— И вы ей сказали, что раздумали жениться?
— Да. Пошел к ним домой и сказал Дженни и ее родителям. В комнате, которая вся была завалена корзинами, коробками, оберточной бумагой, серебряными подсвечниками, хрустальными салатницами, чайными сервизами, тостерами... Это было чудовищно. Отвратительно. — При этом воспоминании Джорджа передернуло. — Я почувствовал себя убийцей.
Селина невольно подумала о новой квартире, о коврах и мебельном ситце, белом платье и венчании в церкви с мистером Артурстоуном в роли посаженного отца. И внезапно похолодела от ужаса, словно в дурном сне. Словно поняла, сколько ей предстоит потерять. Словно вдруг осознала, что вступила на опасный путь, и впереди крутой обрыв, и всякие несчастья, и безымянный страх. Ей нестерпимо захотелось вскочить и убежать, и больше не заставлять себя делать то, чего так не хотелось делать.
— И после... после этого вы уехали из Бреддерфорда?
— Чего ты так испугалась? Нет, сразу я не уехал: проторчал там еще два года. В качестве persona non grata среди всеобщего заговора молчания. Многие неожиданно от меня отвернулись. Даже интересно оказалось узнать, кто твои настоящие друзья... — Джордж подался вперед и уперся локтями в крышу каюты. — Довольно! Такие разговоры не способствуют овладению кастильским наречием. Попробуй-ка проспрягать в настоящем времени глагол hablar.

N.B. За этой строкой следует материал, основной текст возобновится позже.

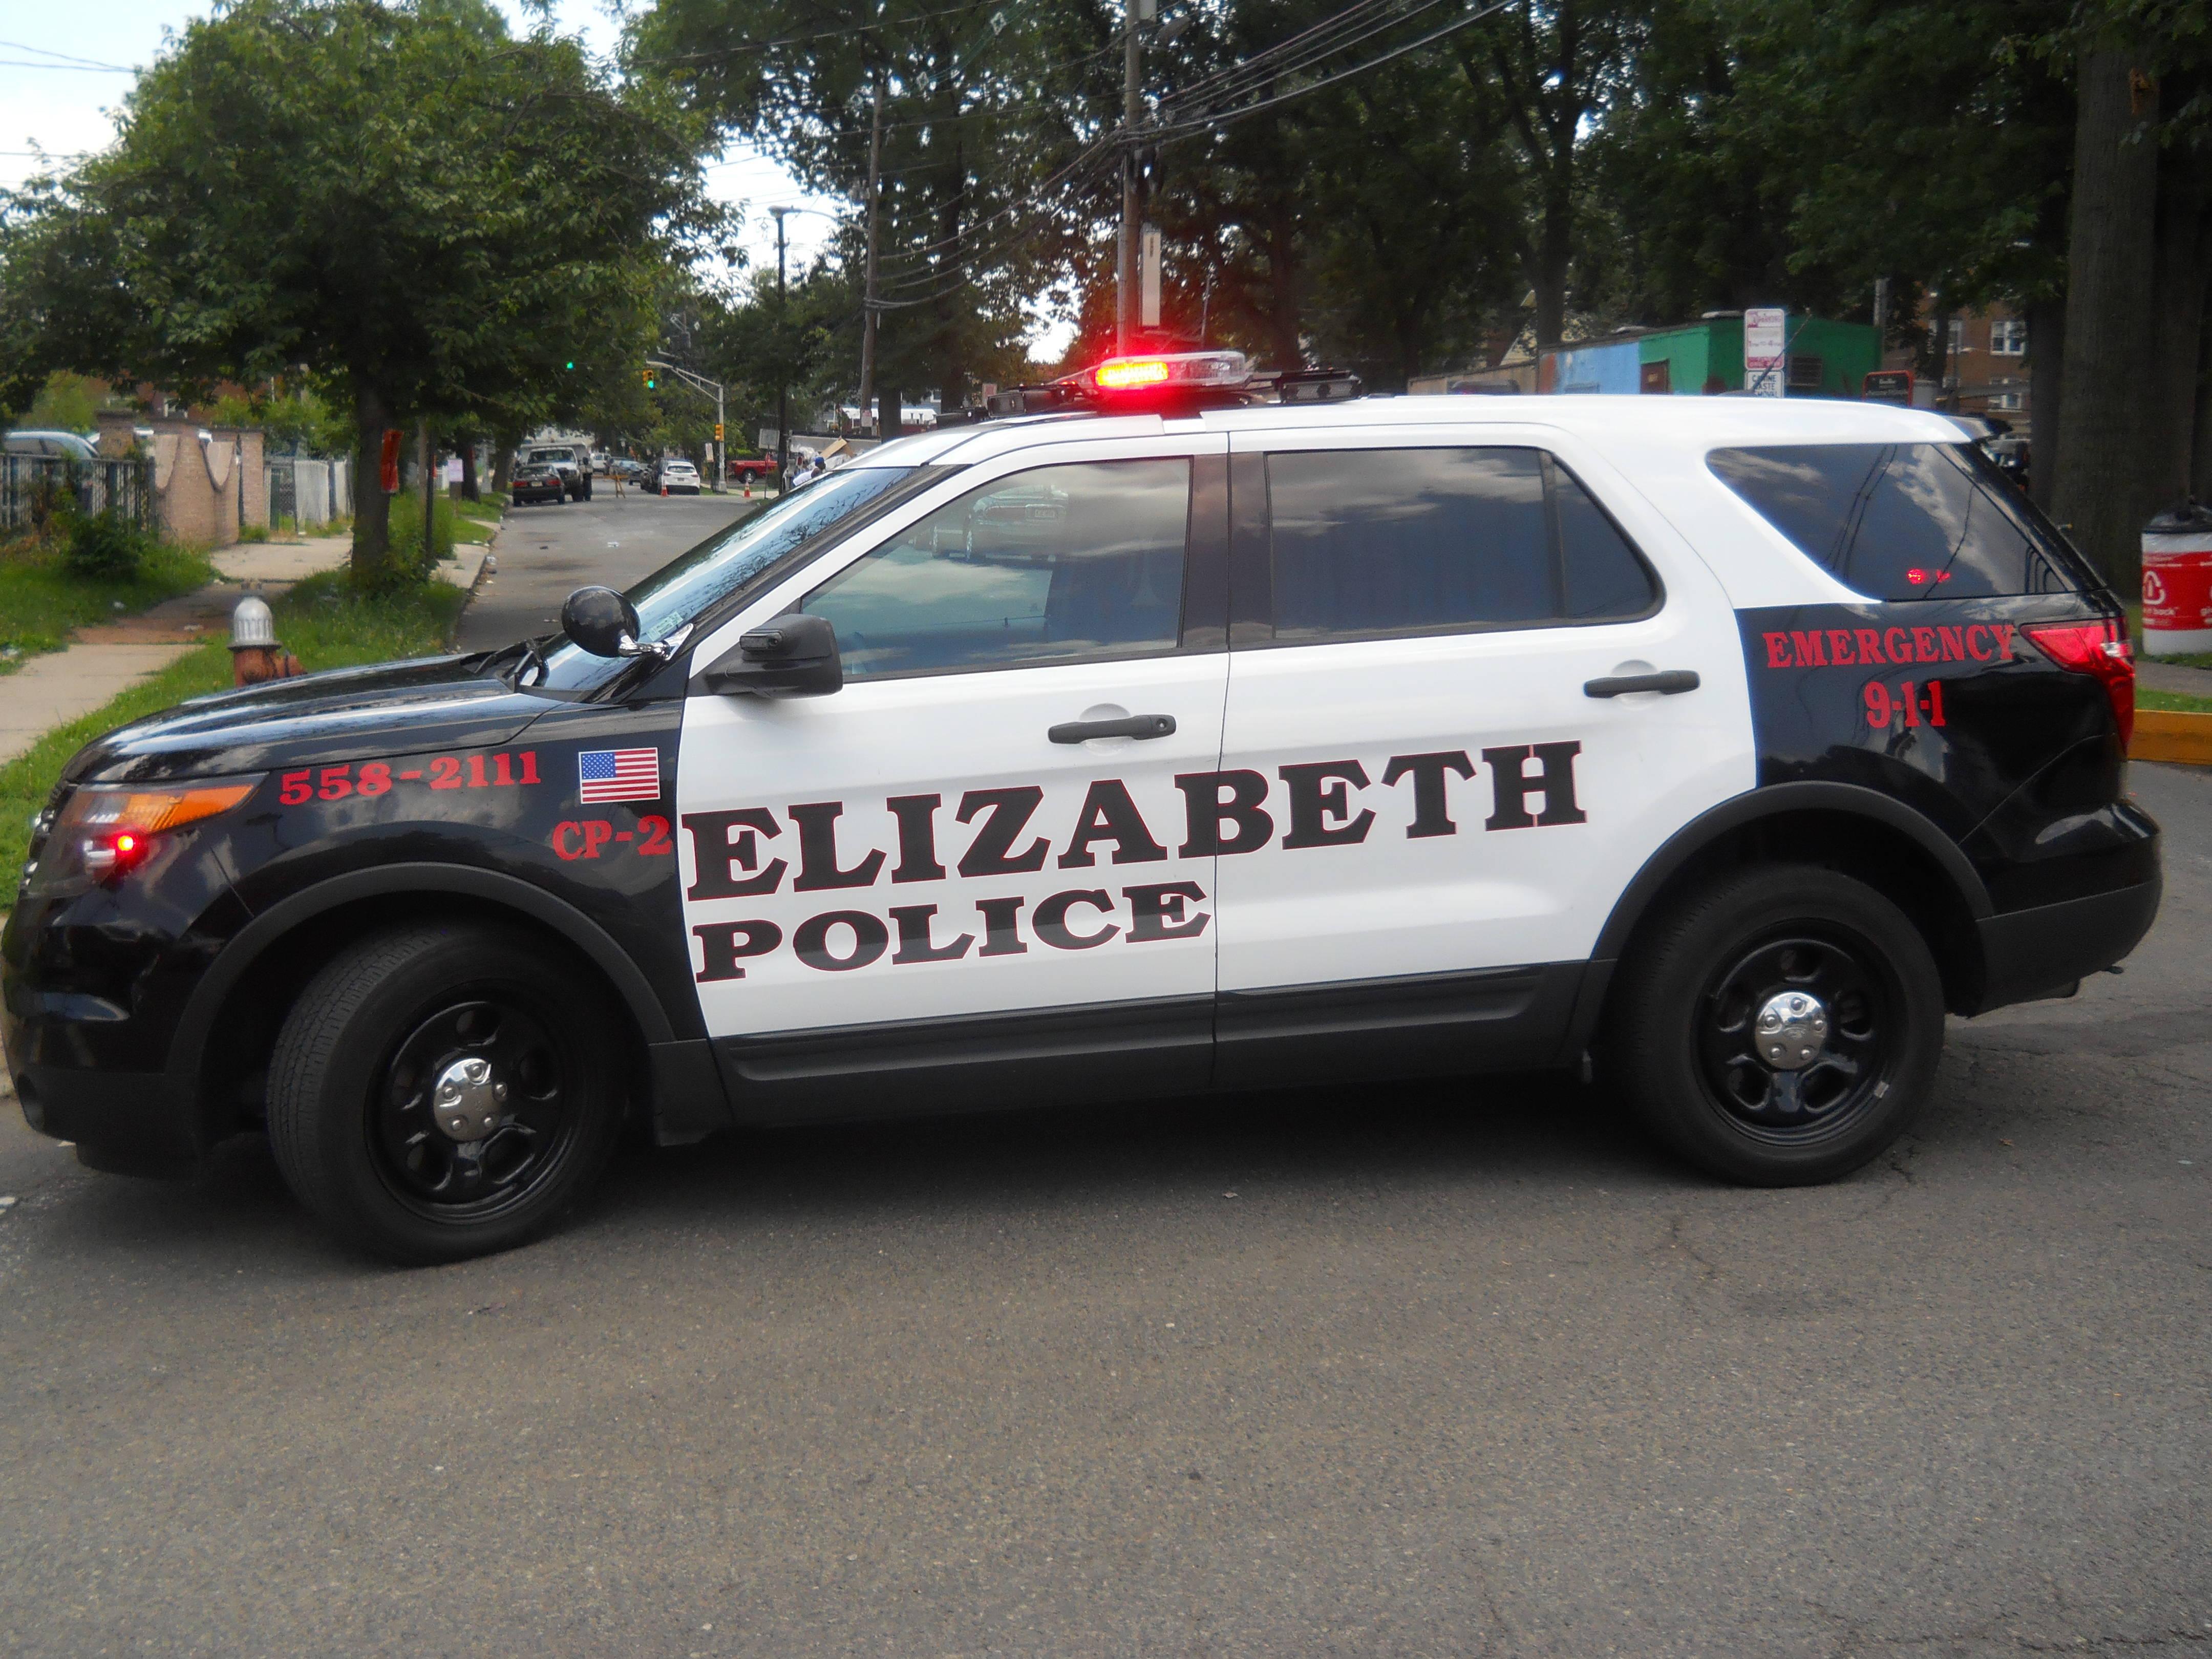 32455e4d5929bd63b19d_Police_Car.jpg

— Hablo. Я говорю. Usted habla — вы говорите. Вы ее любили?
Джордж бросил на Селину быстрый взгляд: в его темных глазах не было гнева — только боль. Потом он положил свою загорелую руку на испанскую грамматику и мягко сказал:
— Чур не подсматривать. Не пытайся меня обмануть.
«Ситроен» въехал в Кала Фуэрте в самую жаркую пору дня. На безоблачном небе сверкало солнце, тени были черные, а пыль и дома — ослепительно-белые. Нигде ни живой души; все ставни закрыты. Когда Франсис подкатила к гостинице «Кала Фуэрте» и выключила мотор своей мощной машины, воцарилась тишина, нарушаемая только шорохом ветвей, раскачиваемых почти неощутимым, таинственным бризом.
Франсис вышла из машины и, захлопнув дверцу, поднялась по ступенькам гостиничной террасы. Раздвинув занавеску, вошла в бар. После яркого света глаза не сразу привыкли к полумраку, но потом она разглядела Рудольфо, дремавшего в плетеном шезлонге; как только Франсис переступила через порог, он проснулся и вскочил, заспанный и недоумевающий.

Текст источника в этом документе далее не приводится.